A-arc transition of state set I (move(I,a)) : defined as a state set J, where J is the totality of all states that can be reached from a state in I through an A-arc.
For example,
- The initial subset family C is empty [] and is represented by a table
| A subset of | Is marked or not |
|---|---|
- Calculate ε-closure(0) and set T0 = ε-closure(0) = {0,1,2,4,7}.

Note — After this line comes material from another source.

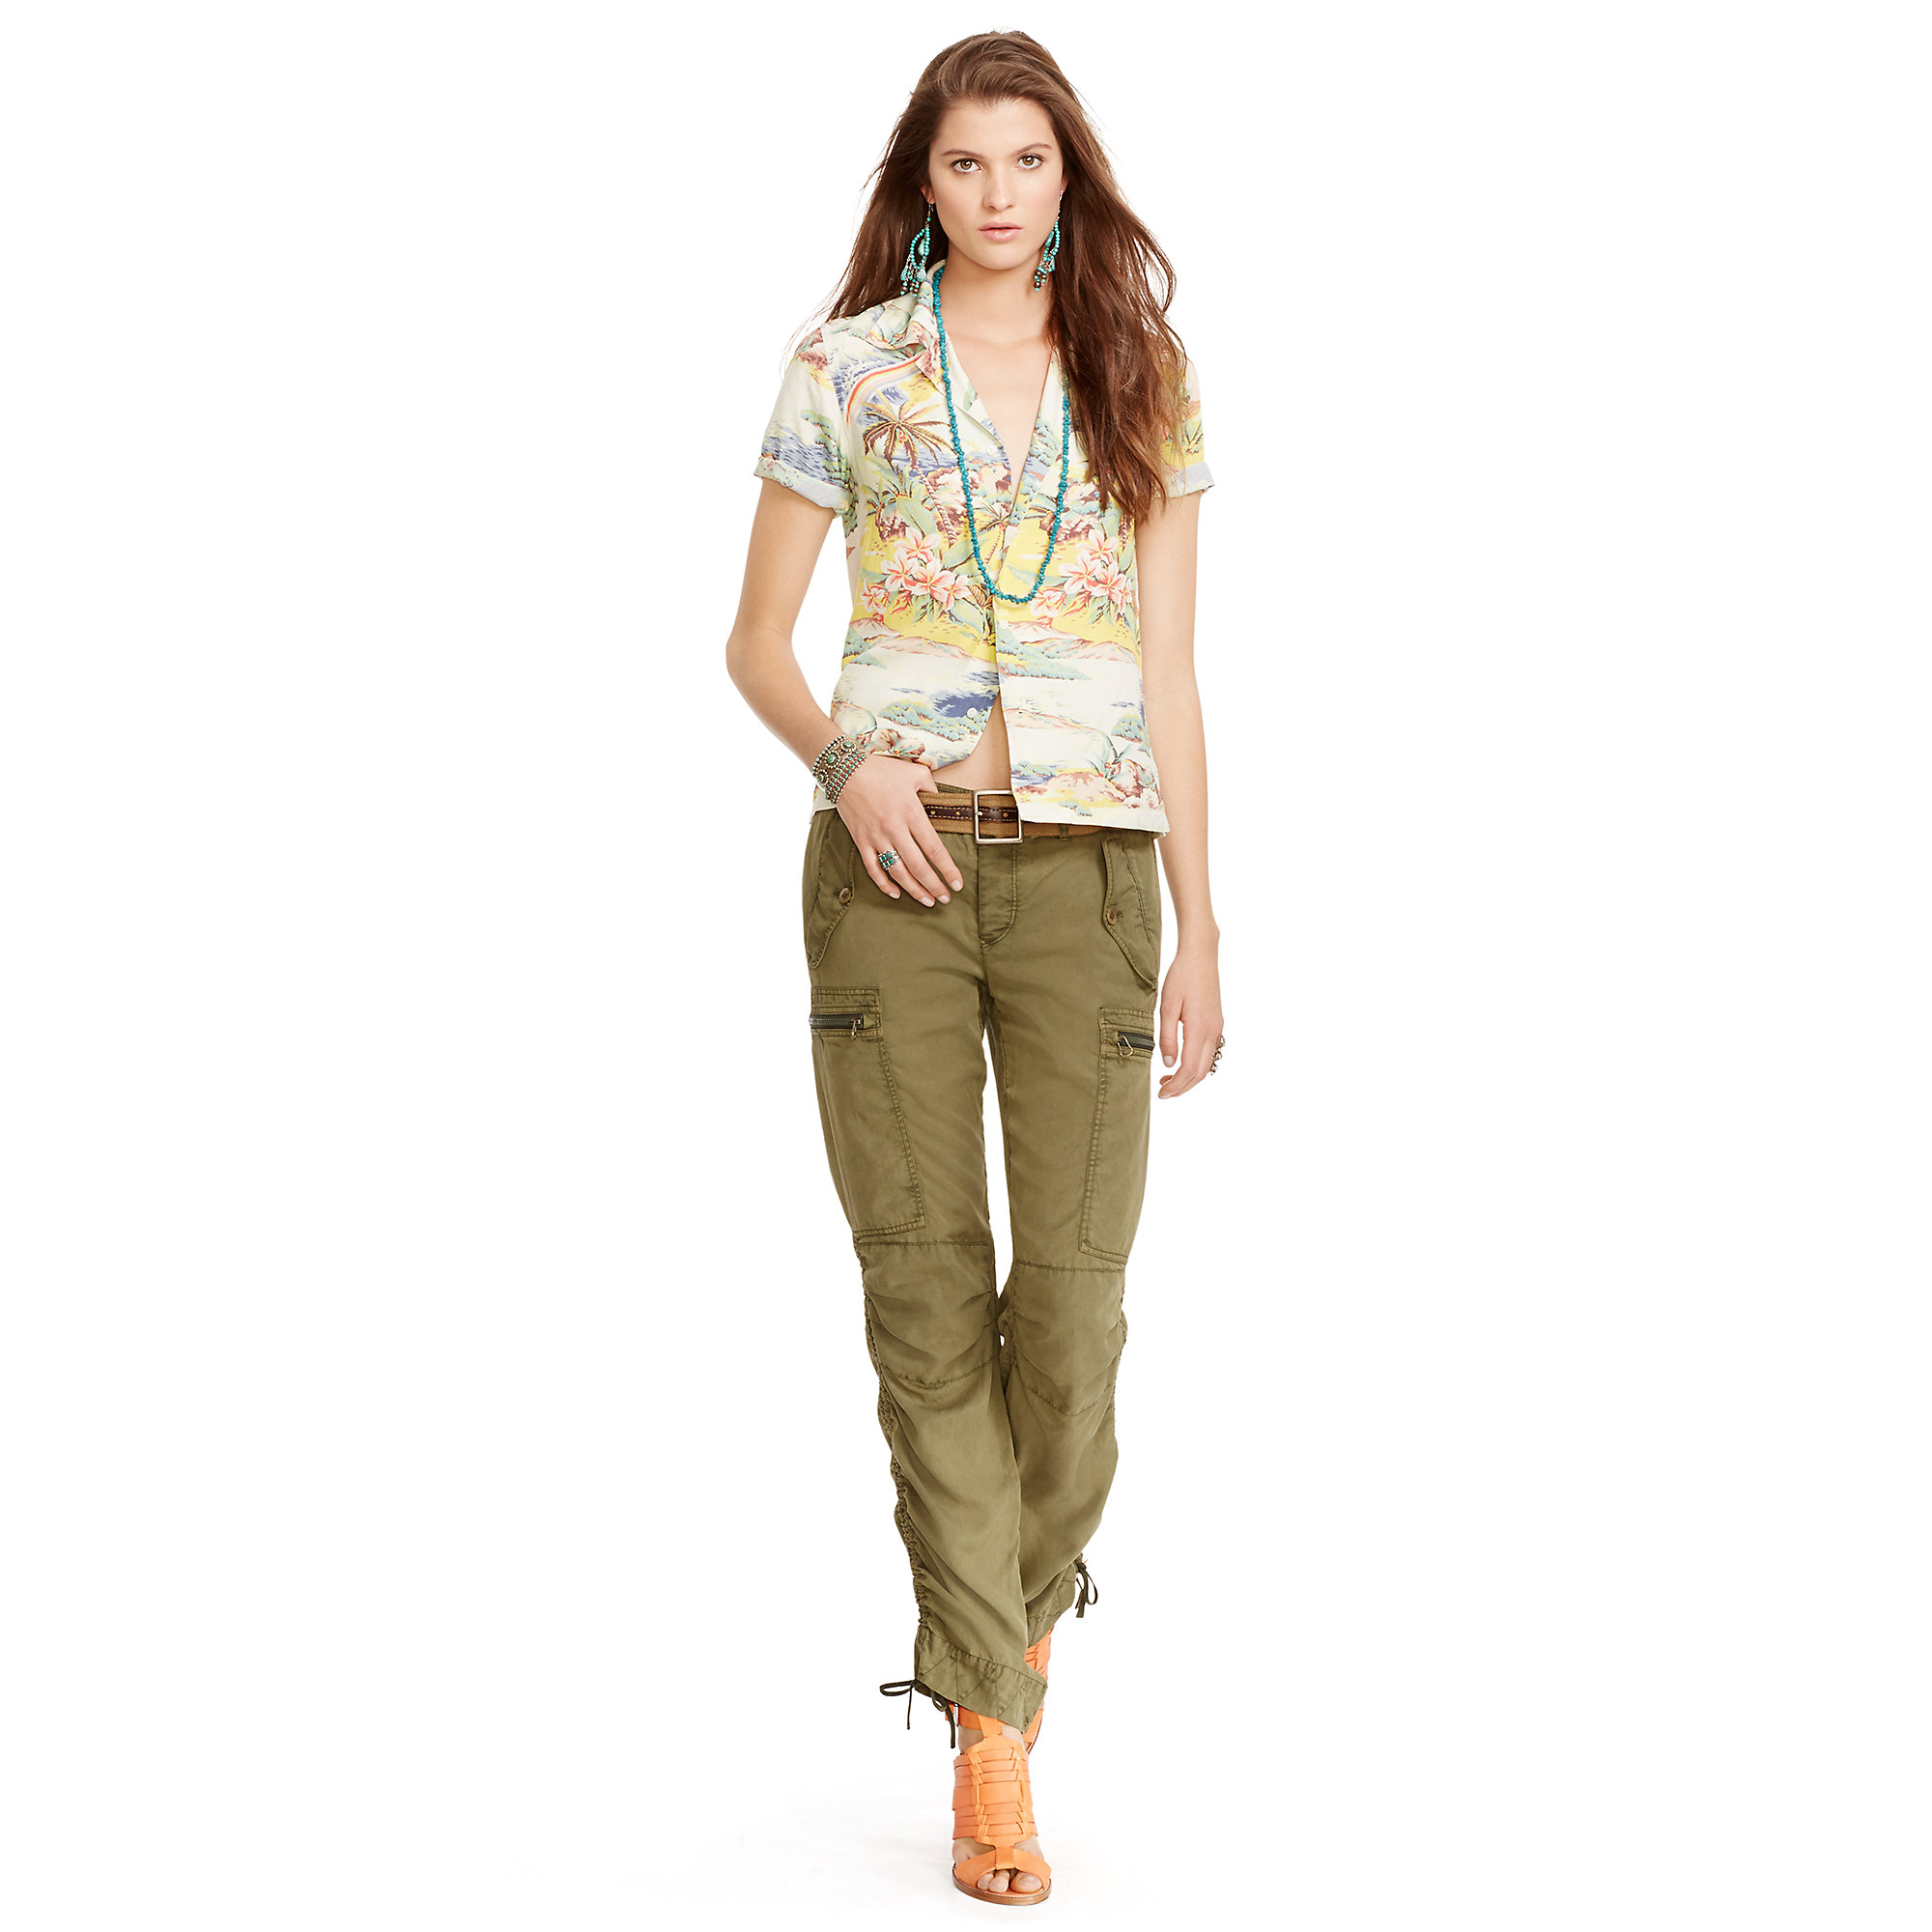 Awesome Polo Ralph Lauren Women39s Skinny Utility Cargo Pant  Walmartcom
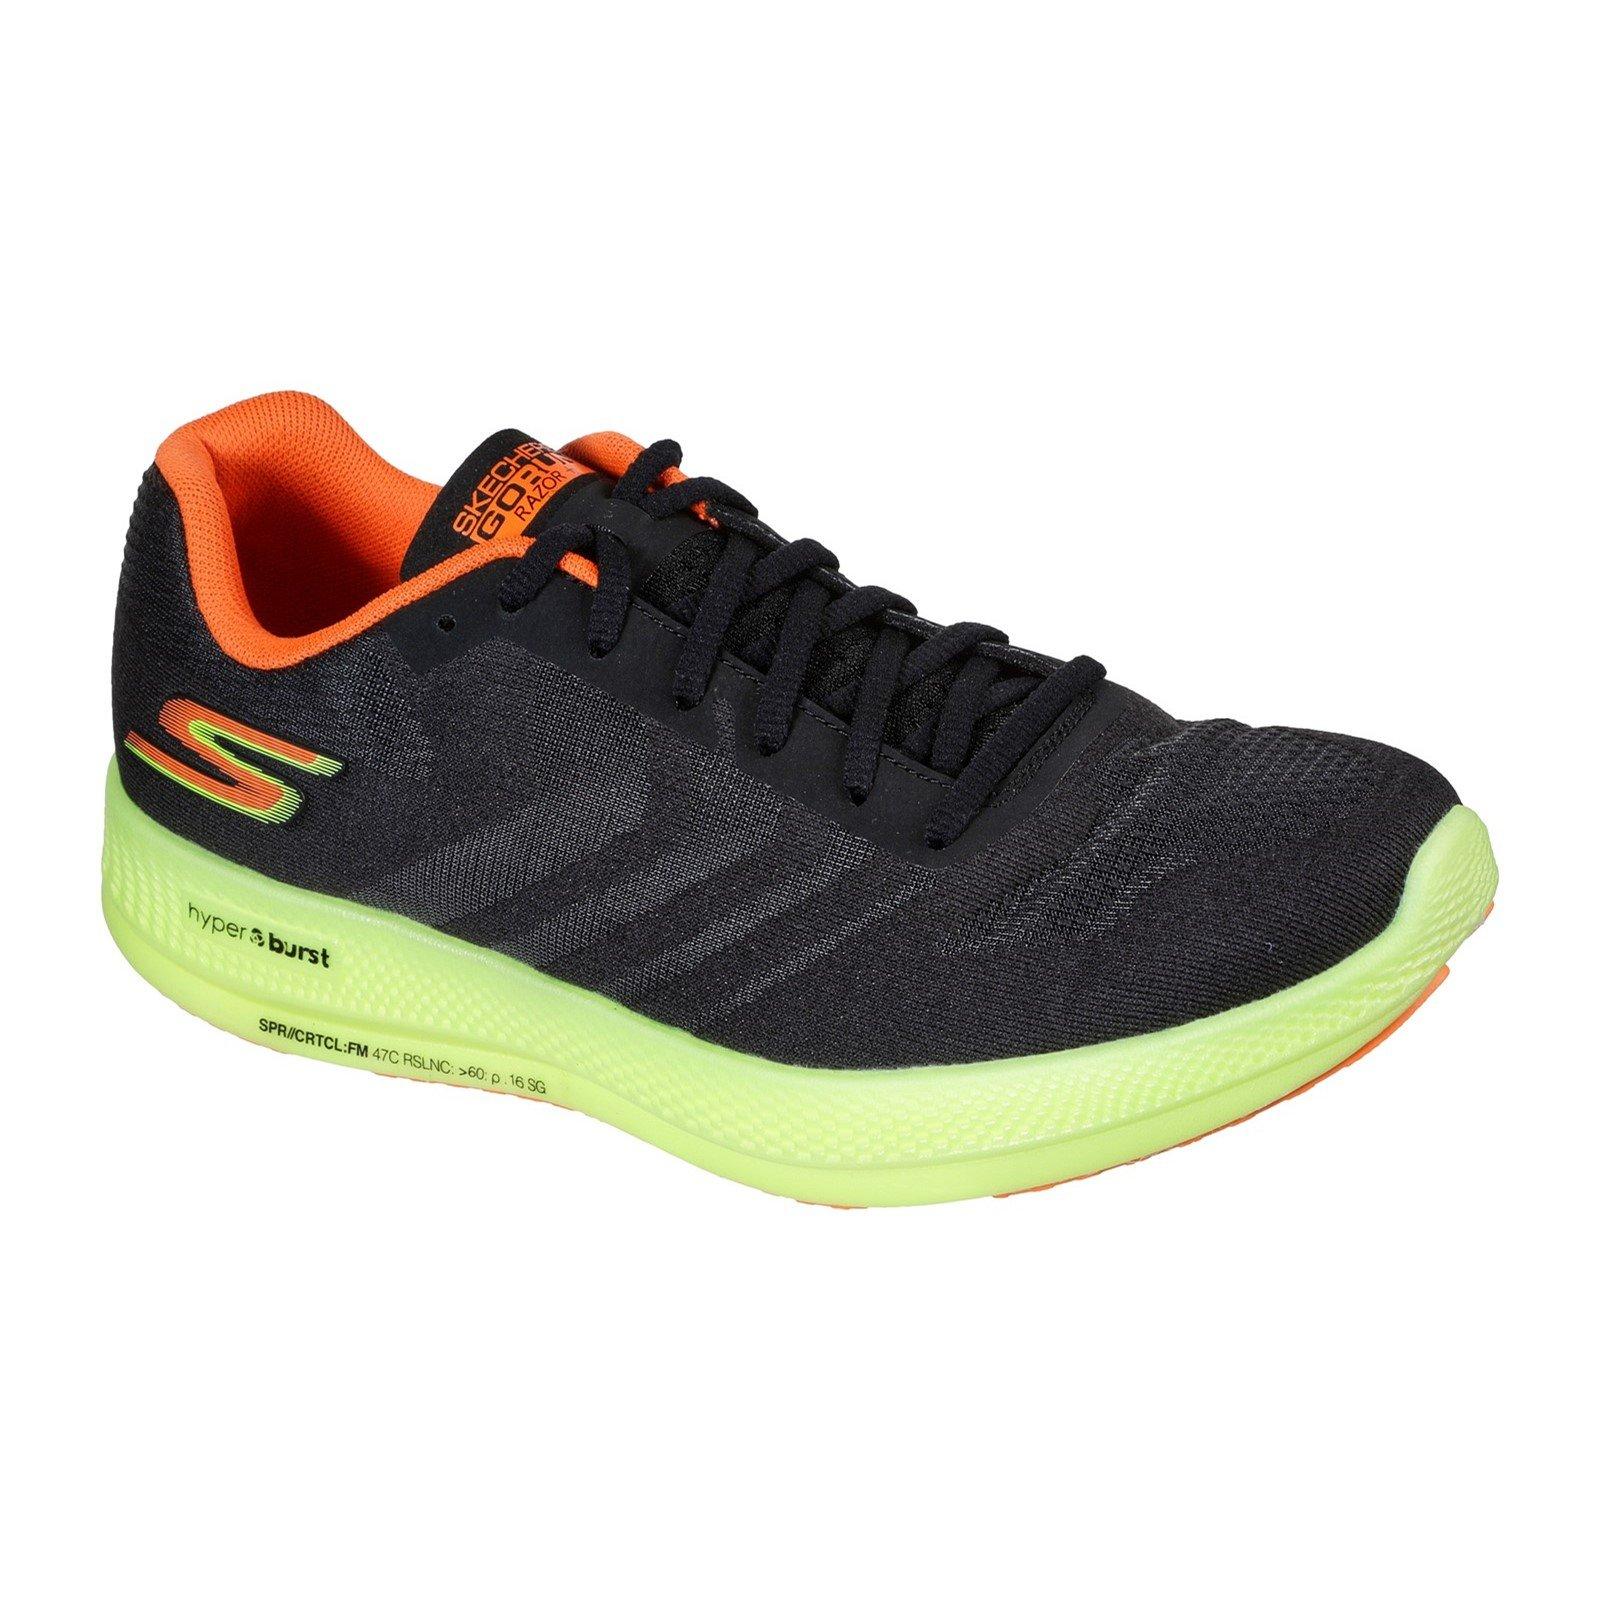 Skechers Women's Go Run Razor Trainer Various Colours 32703 - Black/Yellow/Orange 7

| A subset of | Is marked or not |
|---|---|
| T0 = {0,1,2,4,7} | 0 |
- Mark T0,
Closure (move(T0,a)) = {1,2,3,4,6,7,8};
Closure (T2 = ε-closure(move(T0,b)) = {1,2,4,5,6,7});
| A subset of | Is marked or not |
|---|---|
| T0 = {0,1,2,4,7} | 1 |
| T1 = {1,2,3,4,6,7,8} | 0 |
| ,2,4,5,6,7 T2 = {1} | 0 |
- Mark T1,
The T3 = epsilon – closure (move) (T1, a) =,2,3,4,6,7,8 {1}, namely the T1, T1 is in C
Closure (move(T1,b)) = {1,2,4,5,6,7};
| A subset of | Is marked or not |
|---|---|
| T0 = {0,1,2,4,7} | 1 |
| T1 = {1,2,3,4,6,7,8} | 1 |
| ,2,4,5,6,7 T2 = {1} | 0 |
| ,2,4,5,6,7,9 T3 = {1} | 0 |
- Mark T2,
The T4 = epsilon – closure (move) (T2, a) =,2,3,4,6,7,8 {1}, namely the T1, T1 is in C
The T4 = epsilon – closure (move (T2, b)) =,2,4,5,6,7 {1}, namely T2, T2 have in C
| A subset of | Is marked or not |
|---|---|
| T0 = {0,1,2,4,7} | 1 |
| T1 = {1,2,3,4,6,7,8} | 1 |
| ,2,4,5,6,7 T2 = {1} | 1 |
| ,2,4,5,6,7,9 T3 = {1} | 0 |
- Mark T3,
The T4 = epsilon – closure (move) (T3, a) =,2,3,4,6,7,8 {1}, namely the T1, T1 is in C
Closure (move(T3,b)) = {1,2,4,5,6,7,10};
| A subset of | Is marked or not |
|---|---|
| T0 = {0,1,2,4,7} | 1 |
| T1 = {1,2,3,4,6,7,8} | 1 |
| ,2,4,5,6,7 T2 = {1} | 1 |
| ,2,4,5,6,7,9 T3 = {1} | 1 |
| ,2,4,5,6,7,10 T4 = {1} | 0 |
- Marker T4,
The T4 = epsilon – closure (move) (T4, a) =,2,3,4,6,7,8 {1}, namely the T1, T1 is in C
The T4 = epsilon – closure (move (T4, b)) =,2,4,5,6,7 {1}, namely T2, T2 have in C
| A subset of | Is marked or not |
|---|---|
| T0 = {0,1,2,4,7} | 1 |
| T1 = {1,2,3,4,6,7,8} | 1 |
| ,2,4,5,6,7 T2 = {1} | 1 |
| ,2,4,5,6,7,9 T3 = {1} | 1 |
| ,2,4,5,6,7,10 T4 = {1} | 1 |
All subsets in C have been labeled, and the algorithm is over. Five subsets are constructed
,1,2,4,7 T0 = {0} T1 =,2,3,4,6,7,8 {1} T2 =,2,4,5,6,7 {1} T3, T4,2,4,5,6,7,9 {1} = =,2,4,5,6,7,10 {1}
Then the DFA M constructed by NFA N in FIG. 3.6 is as follows:
(1) S = {[T0],[T1],[T2],[T3],[T4]}
(2) the ∑ = {a, b}
(3)
D([T0],a)=[T1]
D([T0],b)=[T2]
D([T1],a)=[T1]
D([T1],b)=[T3]
D([T2],a)=[T1]
D([T2],b)=[T2]
D([T3],a)=[T1]
D([T3],b)=[T4]
D([T4],a)=[T1]
D([T4],b)=[T2]
(4) S0=[T0]
(5) ST=[T4]
To facilitate writing, rename [T0],[T1],[T2],[T3],[T4] and represent them as 0, 1, 2, 3, and 4 respectively. The state transition diagram of DFA M is shown in FIG. 3.8
conclusion
Subset method simply means adding the first subset of subset family C by ε-closure(0).
Traversal of subsets in subset C.
For each unlabeled subset Ti, mark Ti first, and then perform ε-closure(move(Ti, I)) operation for each input character I of Ti.
If the operation produces a new subset, the new subset is added to the subset family C.
If all members of C are labeled, the algorithm ends.